Franchise_Restaurant = df.groupby(by='name', as_index=False).agg({'rate': 'mean',
'votes': 'sum',
'two_people_cost': 'mean',
'row_num': 'count'})
# I assigned the aggregated columns - names to make them easier to understand.
Franchise_Restaurant.columns = ['Restaurant_Name', 'Average_Rating', 'Total_Votes', 'Average_Two_People_Cost', 'Total_Restaurants']
# I sorted the values in increasing order to identify Bengalore's most popular places.
Franchise_Restaurant = Franchise_Restaurant.sort_values(by='Total_Restaurants', ascending=False)[:10]
# The columns have been reorganized depending on my perspective.
Franchise_Restaurant = Franchise_Restaurant.loc[:, ['Restaurant_Name', 'Total_Restaurants', 'Total_Votes', 'Average_Two_People_Cost', 'Average_Rating']]
# I round the number up to a specific number of decimal digits for clarification purposes.

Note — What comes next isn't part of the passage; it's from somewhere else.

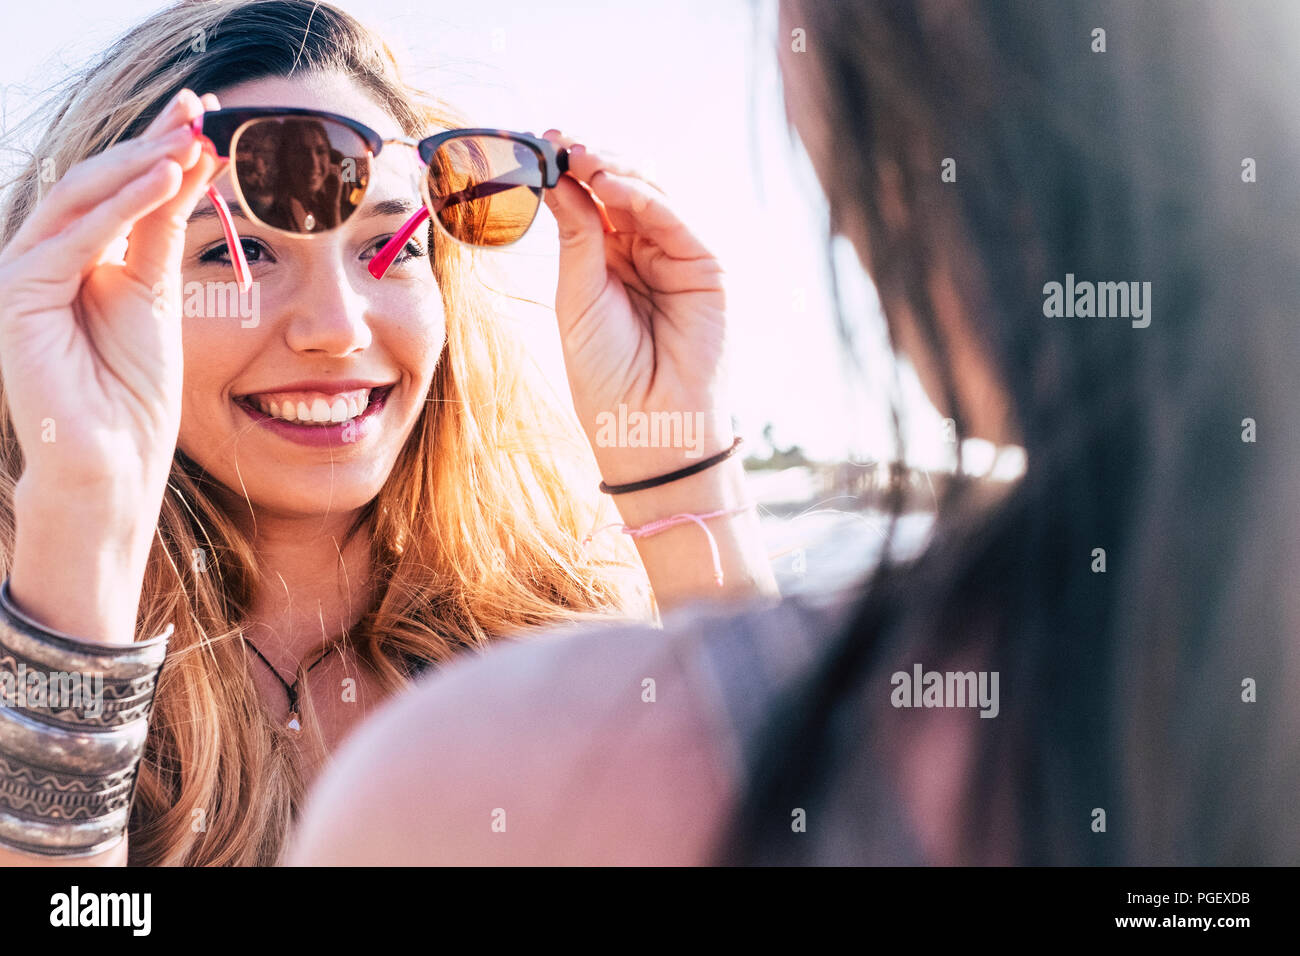 Schönen kaukasischen jungen Mädchen mit der Sonnenbrille die weibliche Freunde zu spiegeln. Sommer und Urlaub und Ferien Konzept für attraktive fröhliche Pe Stockbild

Franchise_Restaurant = Franchise_Restaurant.round(decimals = 2)| Restaurant_Name | Total_Restaurants | Total_Votes | Average_Two_People_Cost | Average_Rating | |
|---|---|---|---|---|---|
| 987 | Cafe Coffee Day | 86 | 3089 | 838.37 | 3.26 |
| 4191 | Onesta | 85 | 347520 | 600.00 | 4.41 |
| 1869 | Empire Restaurant | 69 | 229808 | 693.48 | 4.03 |
| 2978 | Kanti Sweets | 68 | 7336 | 400.00 | 3.90 |
| 1975 | Five Star Chicken | 68 | 3134 | 259.56 | 3.42 |
| 2848 | Just Bake | 67 | 2898 | 400.00 | 3.41 |
| 596 | Baskin Robbins | 62 | 2487 | 250.81 | 3.57 |
| 4393 | Pizza Hut | 60 | 20161 | 747.50 | 3.38 |
| 4371 | Petoo | 60 | 4242 | 675.83 | 3.83 |
| 2892 | KFC | 60 | 23495 | 422.50 | 3.65 |
2. Bangalore’s Independent Restaurants
- I will group by the names of the restaurants and retrieve data statistics like the mean rating, the total number of votes, the average cost for two guests etc for the least popular restaurants.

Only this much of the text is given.